Answered

At Westonci.ca, we provide clear, reliable answers to all your questions. Join our vibrant community and get the solutions you need. Experience the ease of finding precise answers to your questions from a knowledgeable community of experts. Connect with a community of professionals ready to help you find accurate solutions to your questions quickly and efficiently.

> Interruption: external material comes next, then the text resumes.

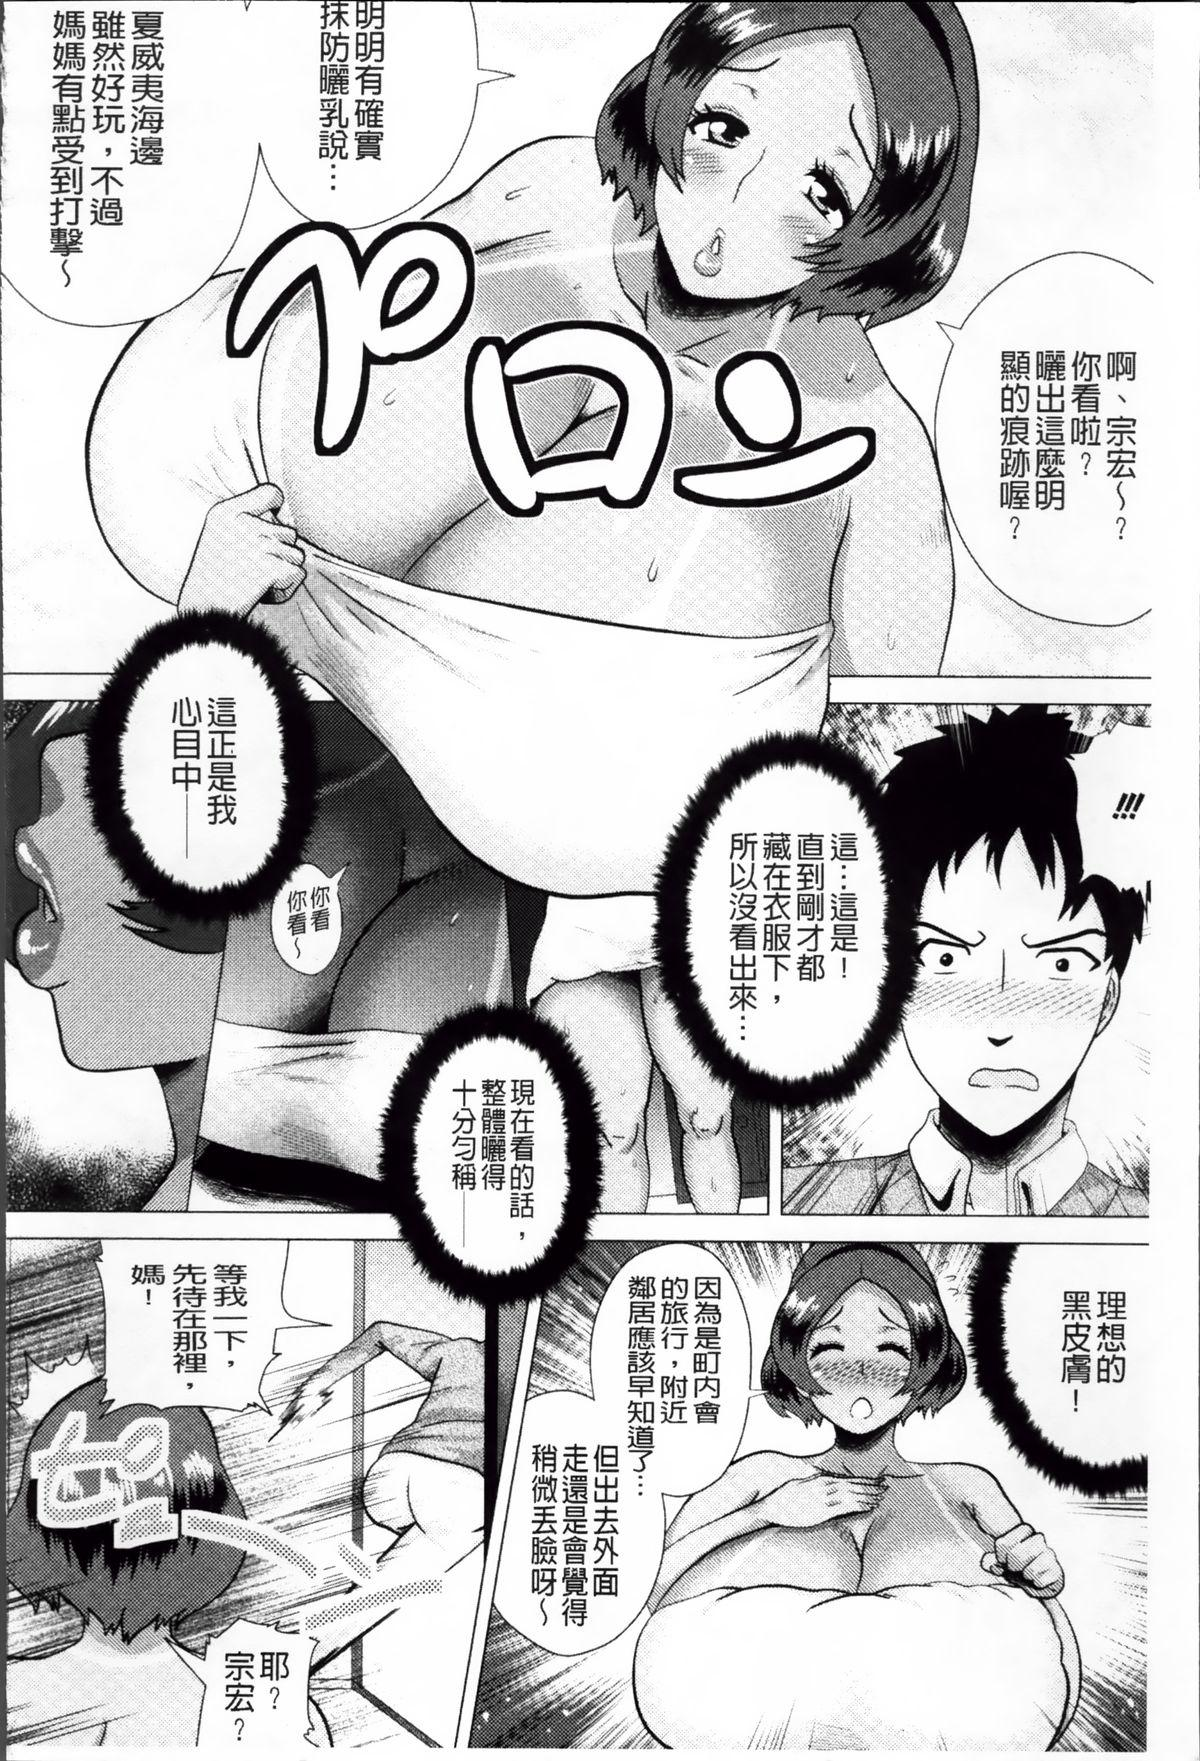 Megabody Night - Watashi no Oniku o Meshiagare 35
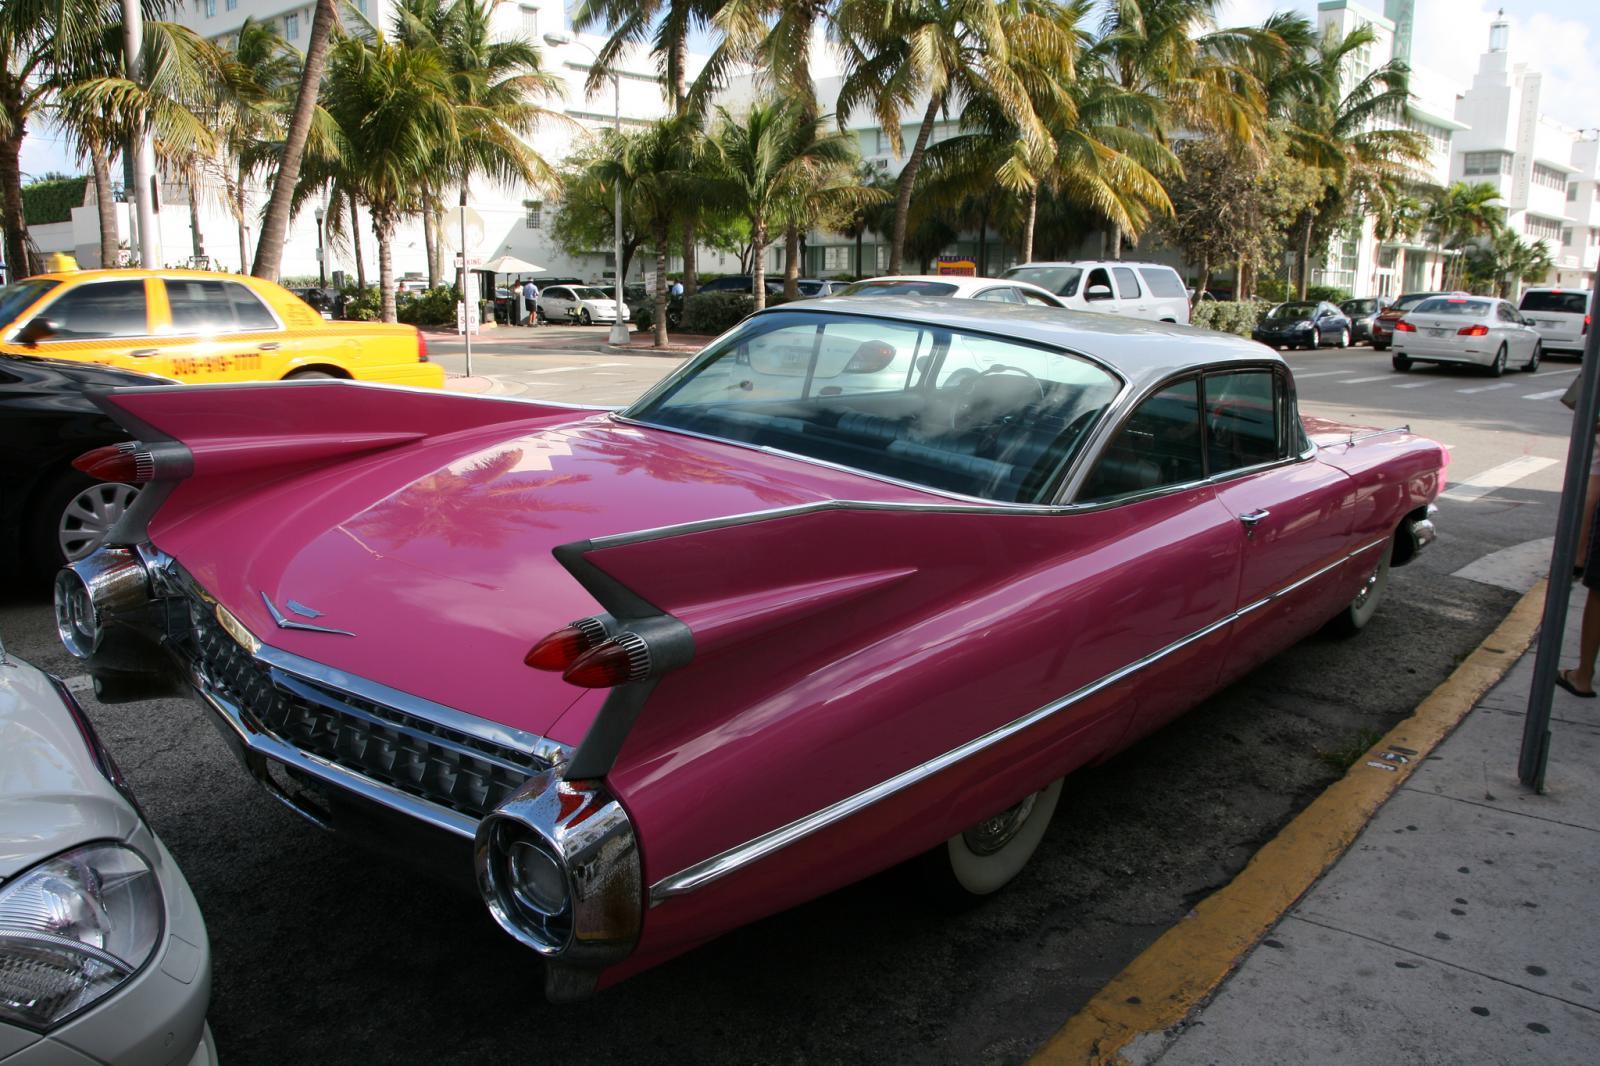 La Collins Avenue en Miami y un coche clásico

A combination lock with three dials, each numbered 1 through 8, is defective in that you only need to get two of the numbers right to open the lock. (For example, suppose the true combination is 4-2-7. Then 4-2-7 would open the lock, but so would 4-2-5, 4-2-2, 4-8-7 or 4-6-7. But not 2-4-7.)

Sagot :

sandlee09

Answer:

64 combination attempts

Step-by-step explanation:

Since each dial in the lock is numbered from 1-8 then there are 8 possibilities for each dial. Out of the three dials, only 2 actually need to be correct in order for the lock to open therefore, we simply raise the number of possibilities for each dial to the power of 2 which should give us the total number of tries we need in order to guarantee that it opens. Assuming that you are making the combinations in numerical order 1-1-1, 1-1-2, 1-1-3, etc.

8^2 = 64 combination attempts

Thanks for using our platform. We aim to provide accurate and up-to-date answers to all your queries. Come back soon. Thanks for using our platform. We aim to provide accurate and up-to-date answers to all your queries. Come back soon. Get the answers you need at Westonci.ca. Stay informed by returning for our latest expert advice.